Warning: CORSIKA producing only photons in the range 200 to 700 nm
but telescope 1 has sensitivity from 300 to 790 nm.
Extending the range to 200 to 790 nm would imply 1.0191 times bigger bunches.
No such correction is implemented (but could be done unless CEFFIC or CERWLEN are used).
The impact on the signal though is expected to be negligible. No problem.

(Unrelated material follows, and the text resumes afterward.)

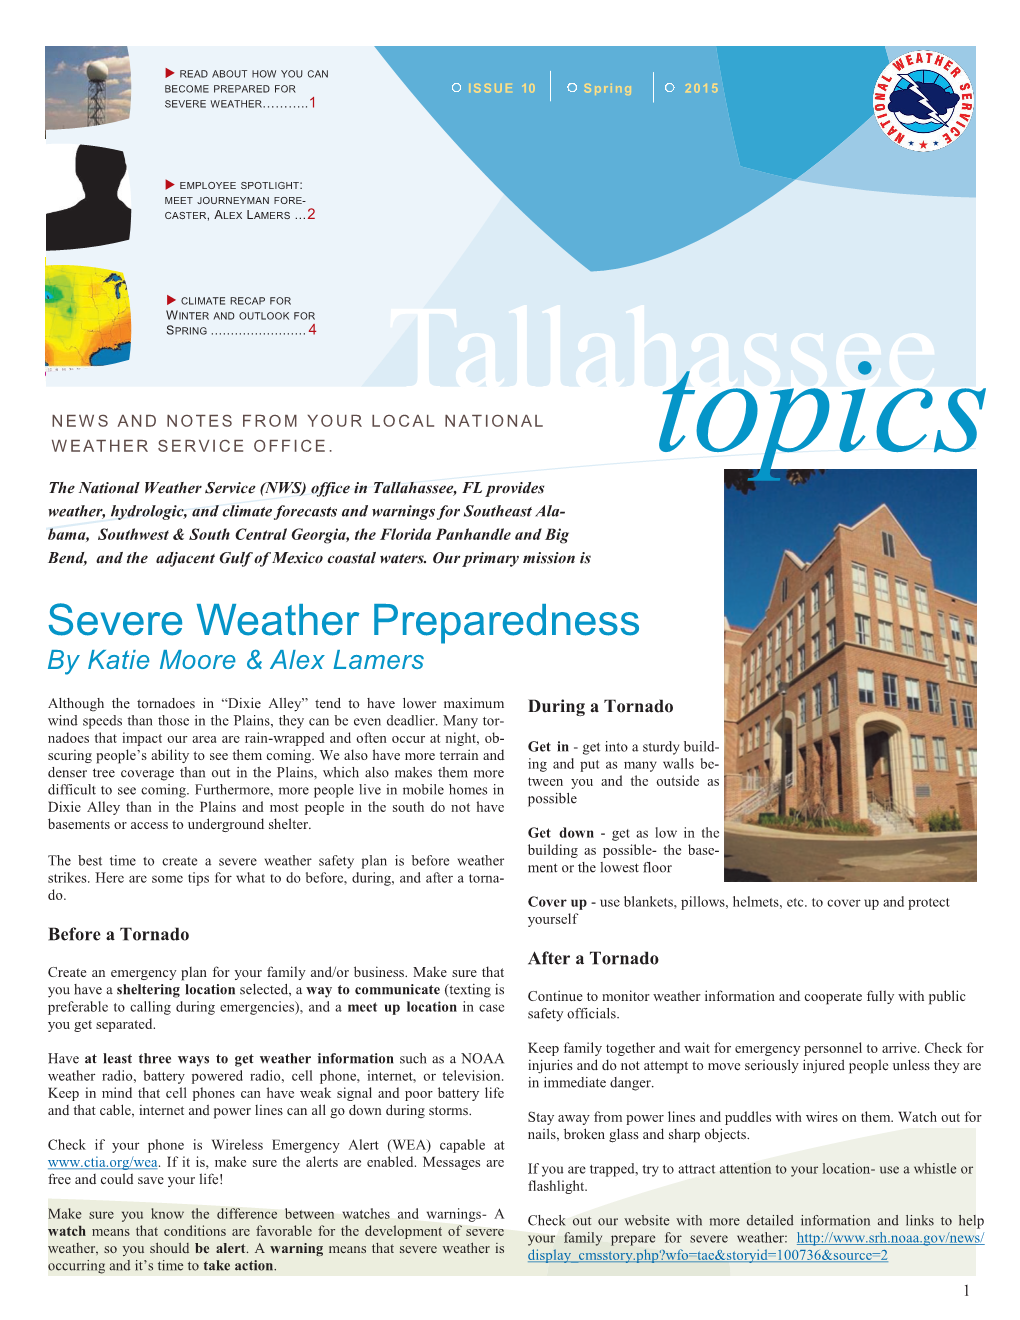 Severe Weather Preparedness by Katie Moore & Alex Lamers

Launching the task should be also made by a sbatch script containing :

#!/bin/bash
#SBATCH --partition=debug-EL7
#SBATCH --time=00:03:00
#SBATCH --ntasks=1
#SBATCH --mem-per-cpu=2200 # in MB
#SBATCH --output=/sst1m/data/prod5/simtel/mono-lst-sipm-borofloat-3ns/rate_scan_nsbx2/run///log/job_sim_telarray_parameter_scan_12.log
#SBATCH --error=/sst1m/data/prod5/simtel/mono-lst-sipm-borofloat-3ns/rate_scan_nsbx2/run///error/job_sim_telarray_parameter_scan_12.err

srun /sst1m/sw/prod5/sim_telarray/bin//sim_telarray -I/sst1m/data/prod5/simtel/mono-lst-sipm-borofloat-3ns/rate_scan_nsbx2/cfg/ -c /sst1m/data/prod5/simtel/mono-lst-sipm-borofloat-3ns/rate_scan_nsbx2/cfg//CTA-PROD5-LaPalma-baseline_4LSTs_MAGIC.cfg -DNUM_TELESCOPES=1 -DNO_STEREO_TRIGGER=1 -C min_photons=0 -C min_photoelectrons=0 -C save_photons=3 -C only_triggered_telescopes=1 -C only_triggered_arrays=1 -C random_state=auto -C show=all -C maximum_events=100000 -C maximum_telescopes=1 -C telescope_phi=180 -C telescope_zenith_angle=20 -C asum_threshold=300 -C trigger_current_limit=2000.0 -C nightsky_background=all:0.1076 -C nsb_scaling_factor=2 -C dark_events=0 -C pedestal_events=0 -h /sst1m/data/prod5/simtel/mono-lst-sipm-borofloat-3ns/rate_scan_nsbx2/output//hist/dummy100000_asum_threshold_300.hdata -o /sst1m/data/prod5/simtel/mono-lst-sipm-borofloat-3ns/rate_scan_nsbx2/output/dummy100000_asum_threshold_300.simtel.gz /sst1m/data/prod5/corsika/dummy//dummy100000.corsika.gz > /sst1m/data/prod5/simtel/mono-lst-sipm-borofloat-3ns/rate_scan_nsbx2/output//log/dummy100000_asum_threshold_300.log

which also fails due to the srun command, we believe.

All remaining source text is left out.